Note: I completely understand that running these experiments for longer and with a higher number of seeds is computationally expensive. However, I believe it is important to adhere to fixed evaluation protocols for related works in the same field to allow for apples-to-apples comparisons where possible.

Other issues

  • There is prior work on utilizing diversity within the context of UED. Specifically, [2] adaptively identifies diverse environments using the Wasserstein distance measure, which is relevant to environment design. This work is not mentioned or compared against.
  • Why isn't the method compared to ACCEL? The authors provide only half a sentence on this topic, but the second half of the sentence is missing. I can surmise their reason might be that ACCEL uses editing; however, one could argue that the newly proposed framework could also incorporate editing. If that's the case, there would be an expectation to explore this possibility and compare the results.
  • What exactly is the MBeED approach? This term is first introduced in Section 3.2 as if it has already been explained, yet there is no previous mention of it. If it shares common procedures in the pseudocode with MBeDED, then this should be clearly stated, and potentially highlighted with color-coding in Algorithm 1.
  • The lines of pseudocode in Section 3.1 are incorrect. For instance, Line 10 does not correspond to the creation of new environments. It seems the authors wrote this section and then updated the pseudocode. Regardless, this needs to be fixed as it creates confusion."

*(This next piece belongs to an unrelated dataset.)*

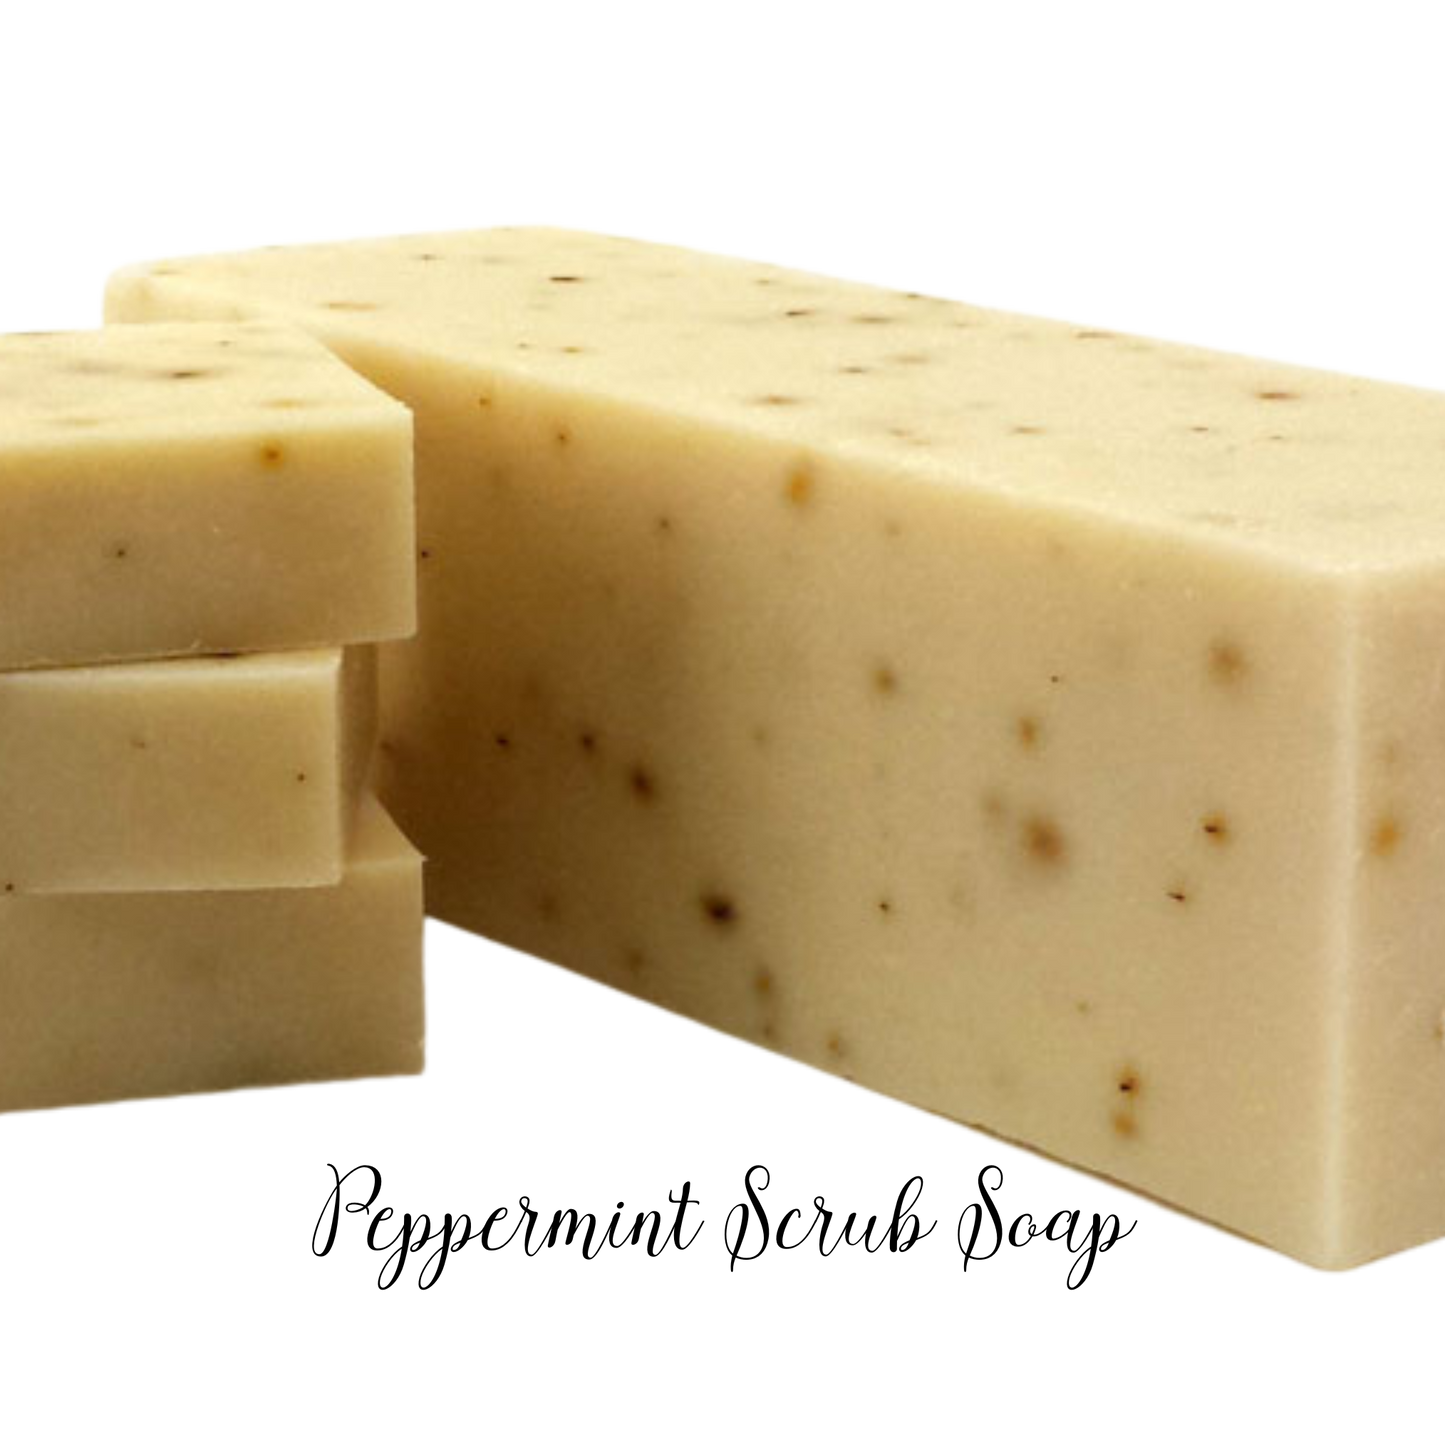 Pure sweet peppermint fragrance oil. Very strong. Contains peppermint leaves to exfoliate. 4.5  bar soap
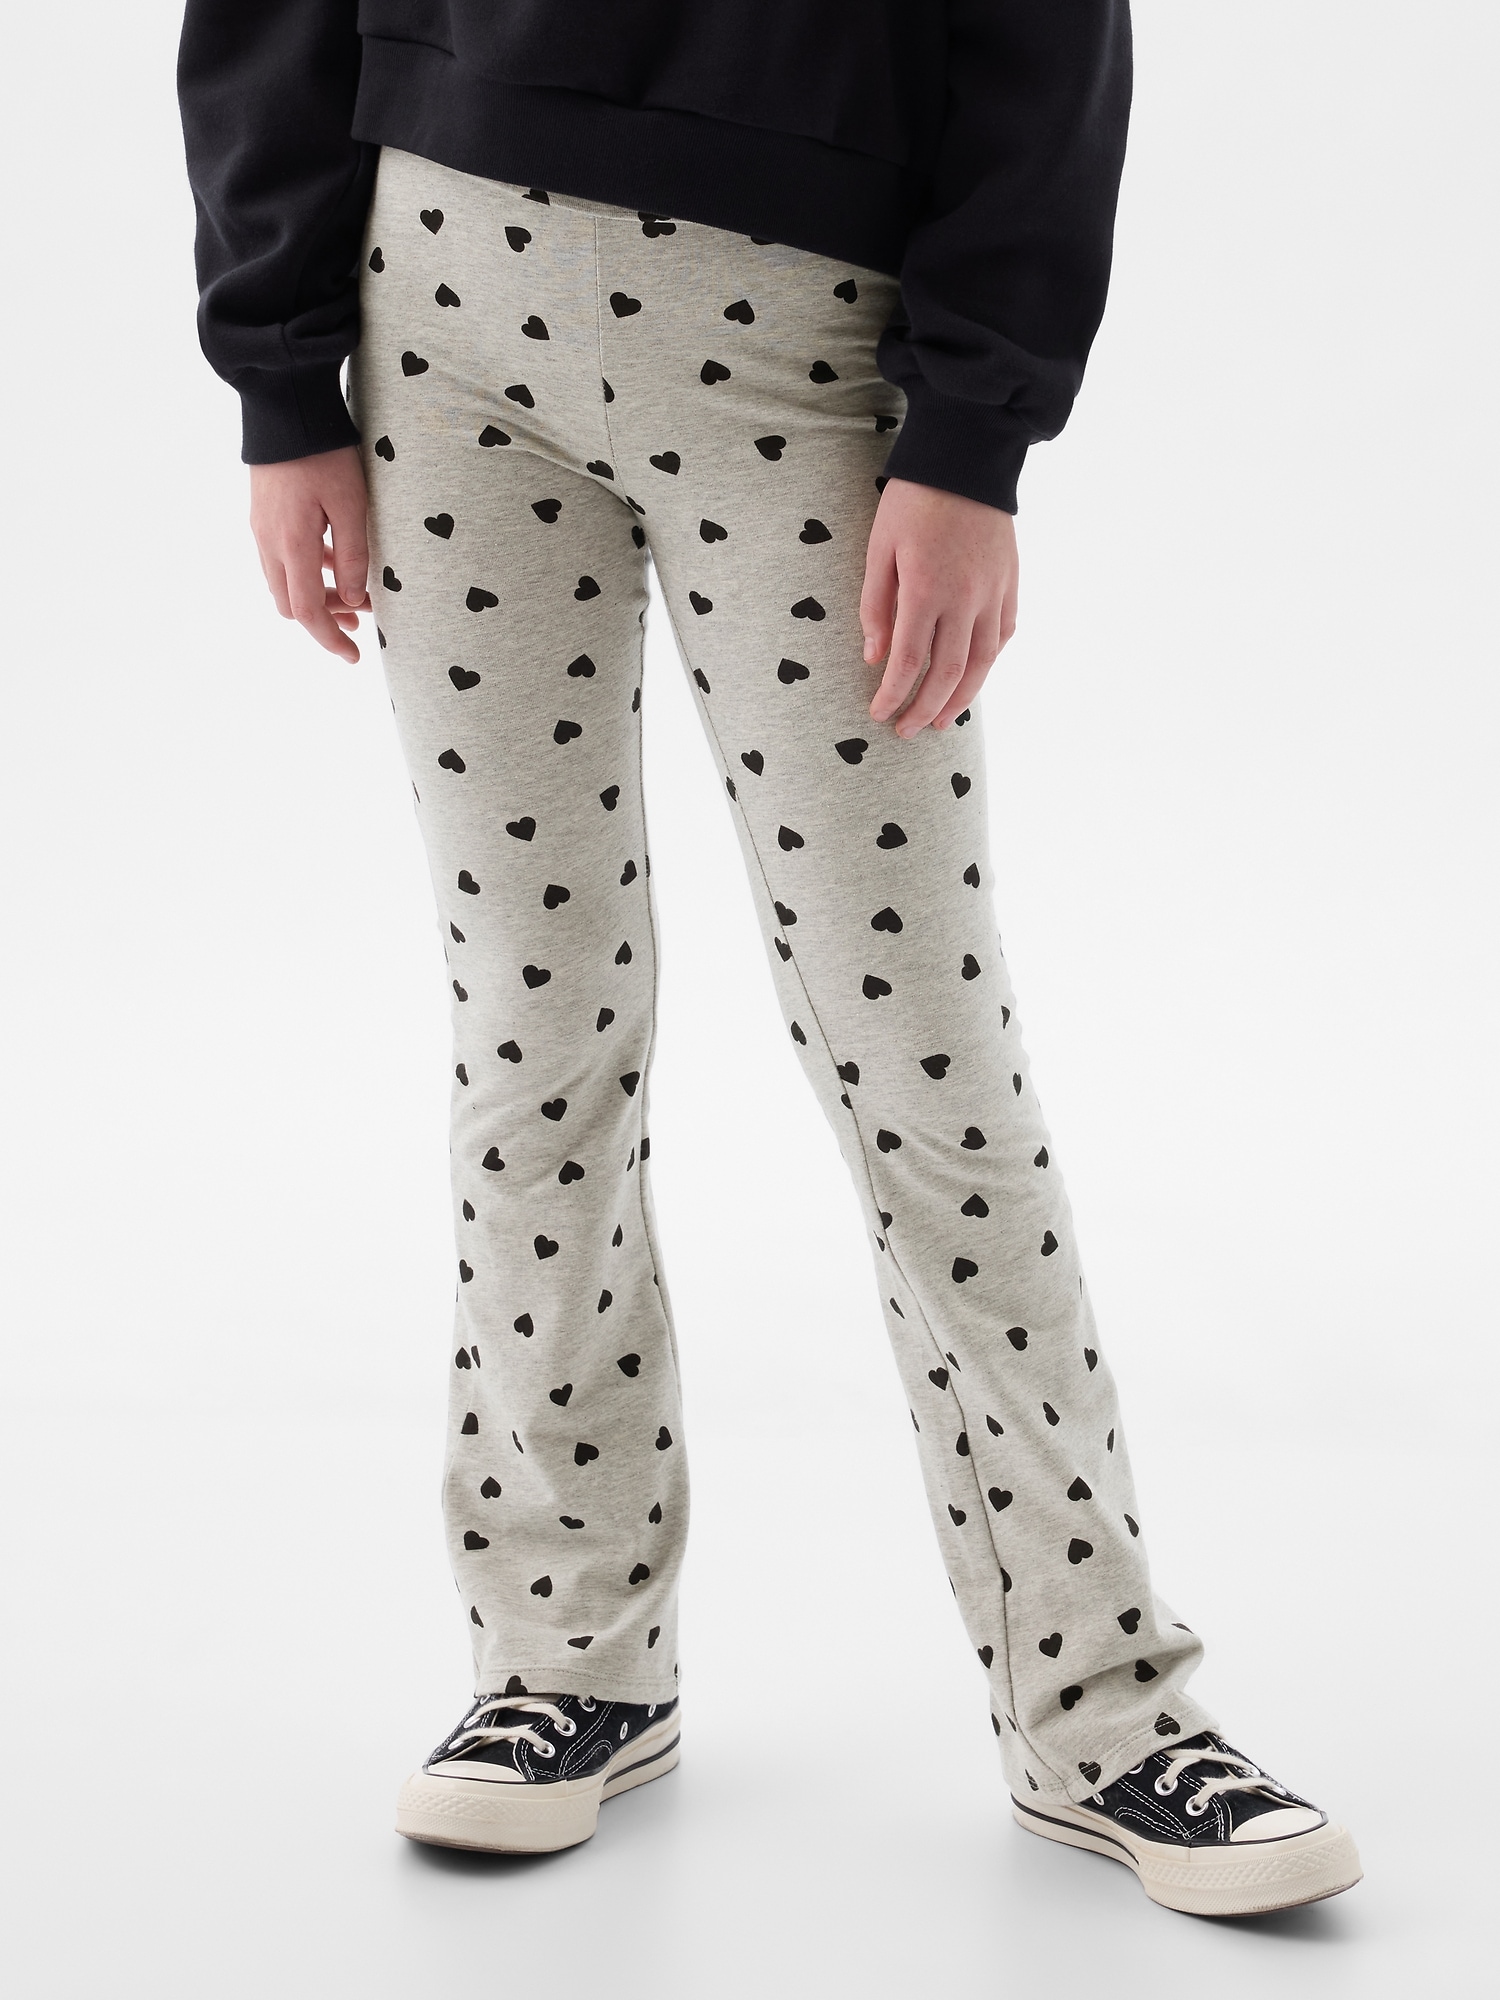 Cotton:On active leggings with pocket in light polka dot

Given the major issues in this work, particularly regarding experimental results, I recommend that the paper is rejected in its current form. That said, I am looking forward to discussing this work with the authors during the rebuttal.

[1] Jiang el al, Replay-Guided Adversarial Environment Design, https://arxiv.org/abs/2110.02439

[2] Li et al, Generalization through Diversity: Improving Unsupervised Environment Design, https://arxiv.org/abs/2301.08025

问题

Please take a look at the weaknesses above and address them.